Responding to a group that’s trying to raise a giant Confederate flag in Orange County, county commissioners Tuesday unanimously voted to move forward with plans to amend the county’s land use rules to restrict the size and height of flags.

Commissioners voted after hearing comments from residents, all of whom spoke in favor of the amendments – and against the Confederate flag.

“This flag has nothing to do with Southern culture or heritage – and frankly, Southern culture deserves better than it,” said Maya Little, a resident of Carrboro and a PhD student at UNC. “The flag, historically and today, serves to intimidate and threaten people of color, and to promote an ahistorical understanding of the Civil War, of Jim Crow, (and) of the last 150 years of our history, rather than to create real bonds within this community.”

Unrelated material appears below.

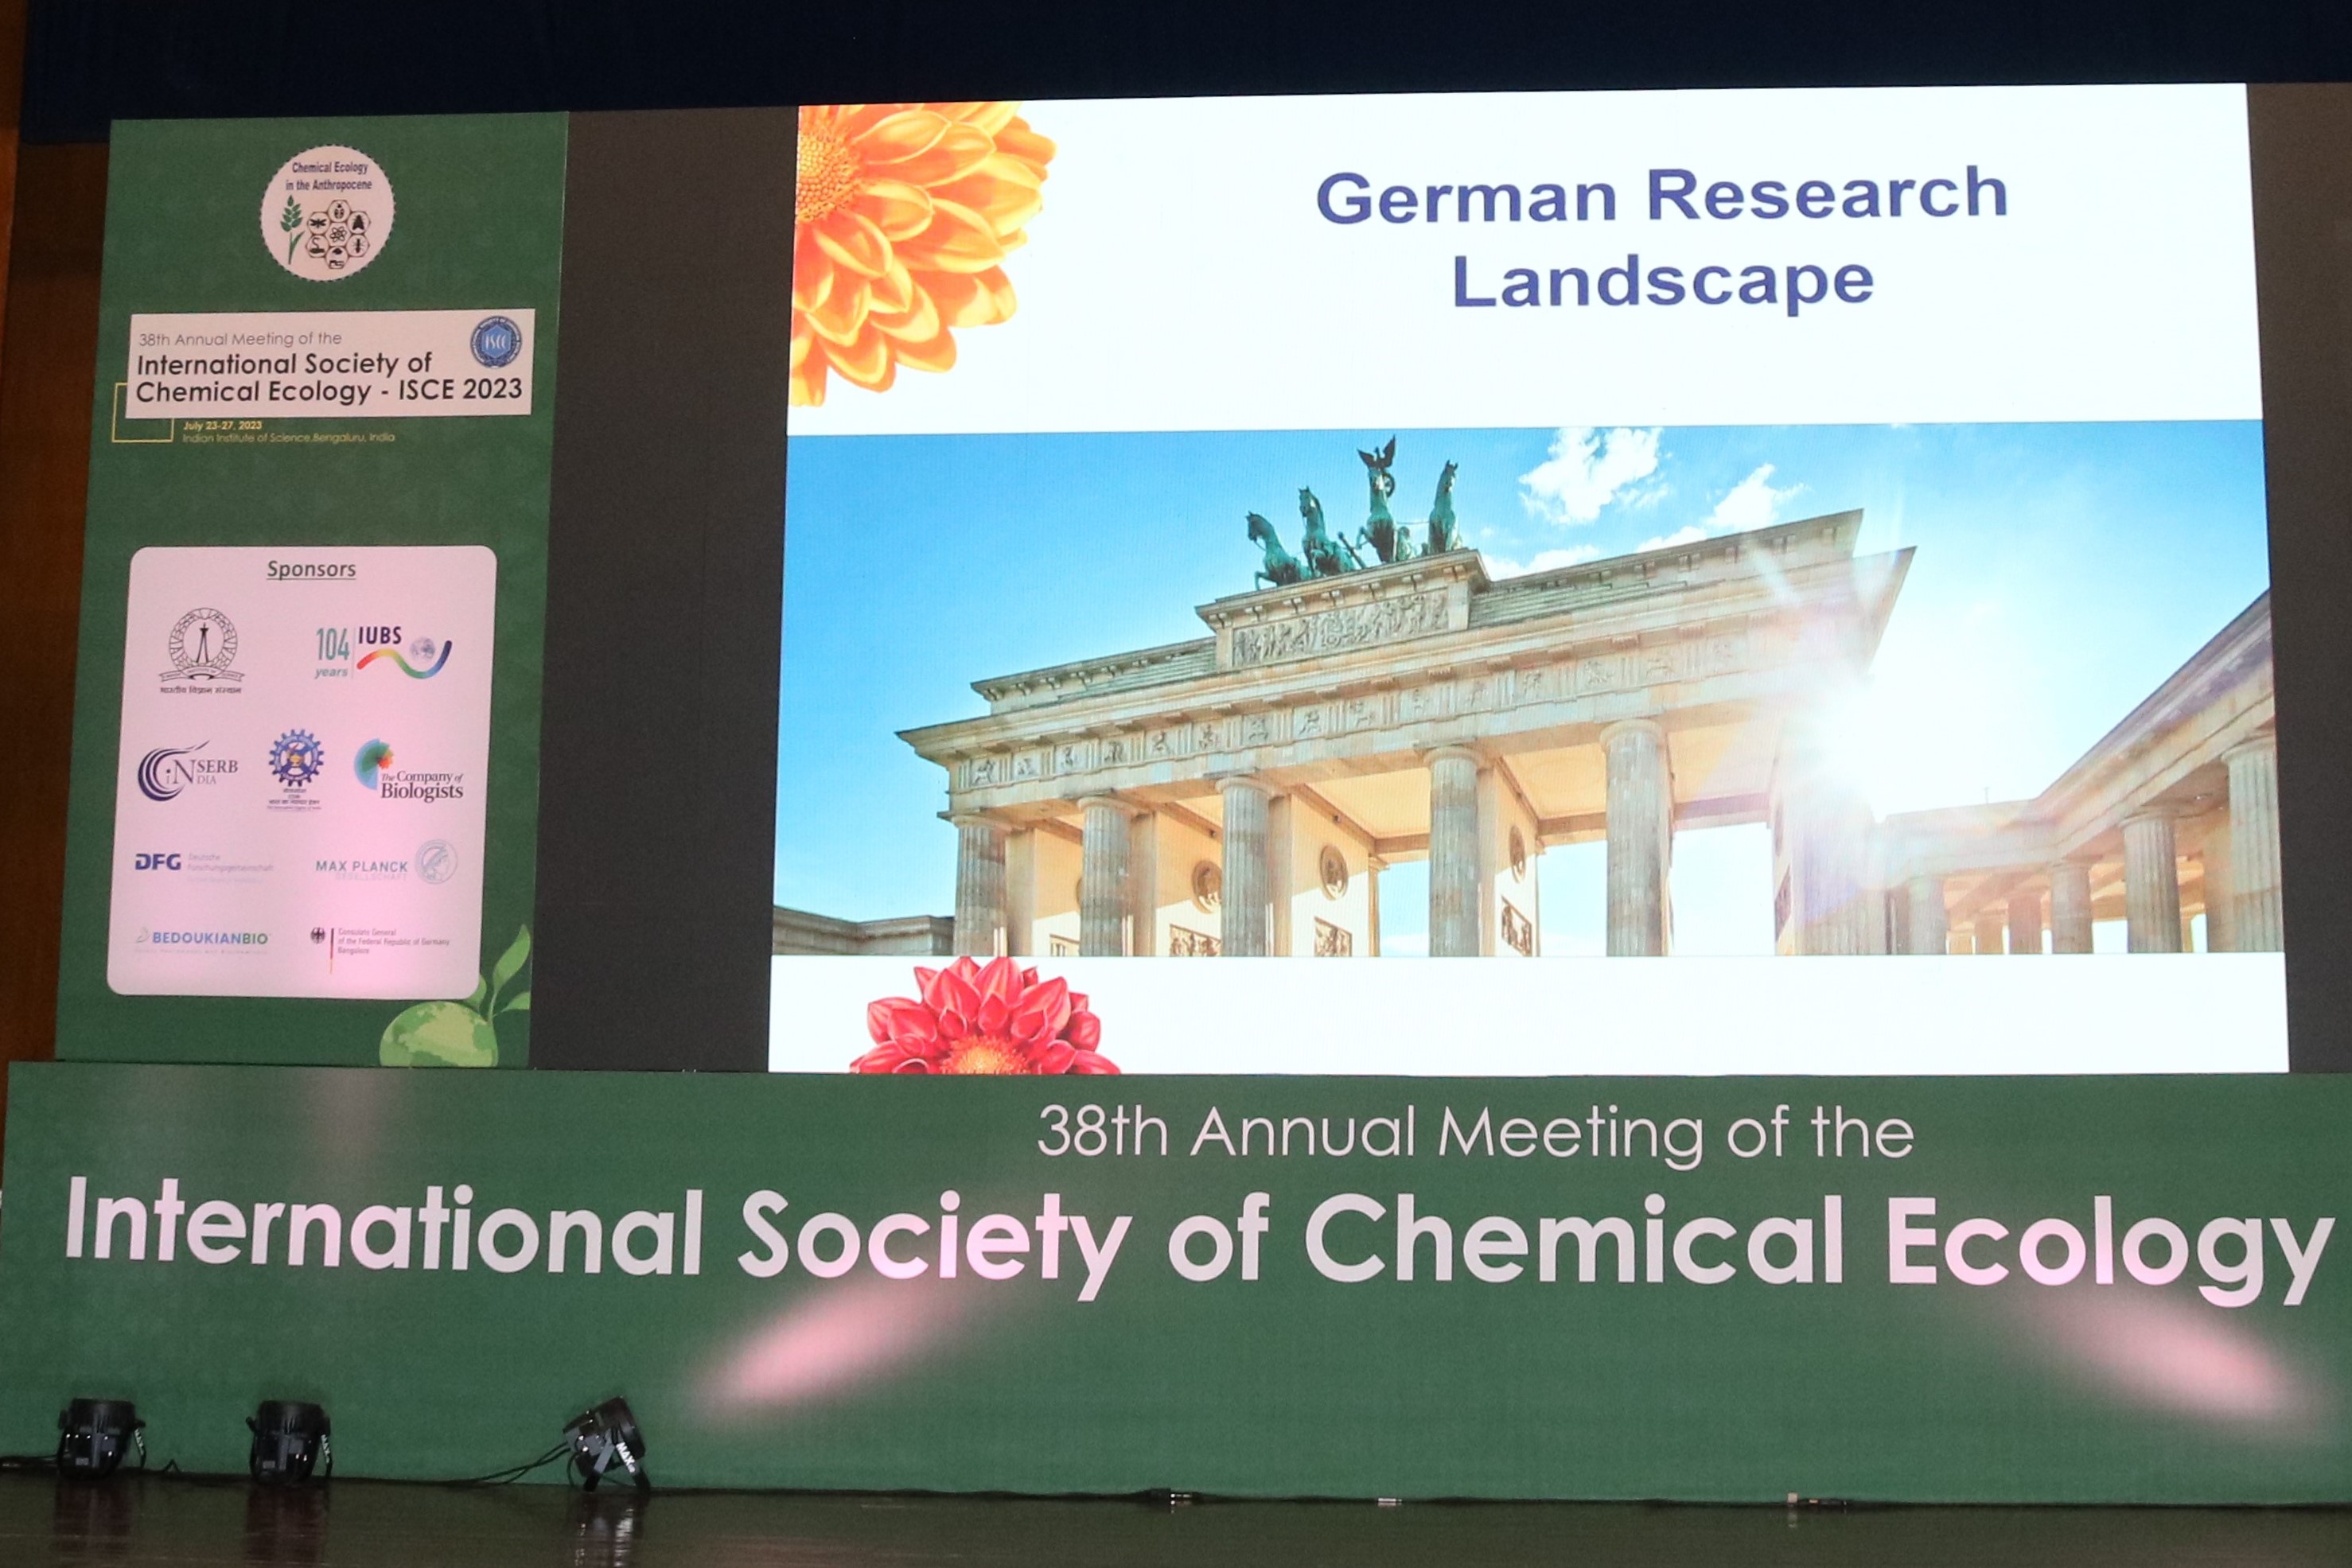 Annual Meeting of the International Society of Chemical Ecology

The call to action from residents came in response to the possibility of massive Confederate flags being raised along U.S. 70 in Hillsborough and NC-54 outside of Chapel Hill. It’s part of a statewide push to raise giant Confederate flags in every county in the state; organizations involved include the North Carolina Division of the Sons of Confederate Veterans and Alamance County Taking Back Alamance (ACTBAC), a group that the Southern Poverty Law Center has identified identified as a neo-Confederate hate group.

ACTBAC is also considering locations on Interstates 40 and 85.

Grace Barger of Hillsborough, a former Cedar Ridge High School student, also spoke at the meeting. She said during her time as a member of Cedar Ridge’s Hate-Free Schools Coalition, ACTBAC attempted to intimidate the group during their efforts to ban the Confederate flag from the Orange County Schools dress code.

“They have made it clear that putting up this flag in rural Orange County is a direct act of retaliation to our work from last year and other progress towards equity in Orange County,” Barger said.

The First Amendment prohibits commissioners from banning the Confederate flag outright, even if they wanted to do so. But local governments are allowed to enact “time, place, and manner” restrictions governing the size and height of flags, provided those restrictions are “reasonable” and enforced neutrally without regard to content.

Commissioner Renee Price said the amendment would be a step in the right direction.

“I think that the public should understand…as we’ve heard from many of you who’ve had the courage to come up here and speak, that the Confederate flag is offensive,” Price said. “As much as people try to say that it is their heritage, it is offensive to many people.”

The county’s planning board will take the next step, meeting in April to develop specific language for an amendment. Commissioners will then hold a public hearing, likely on May 1, after which they’ll vote on whether to adopt the change.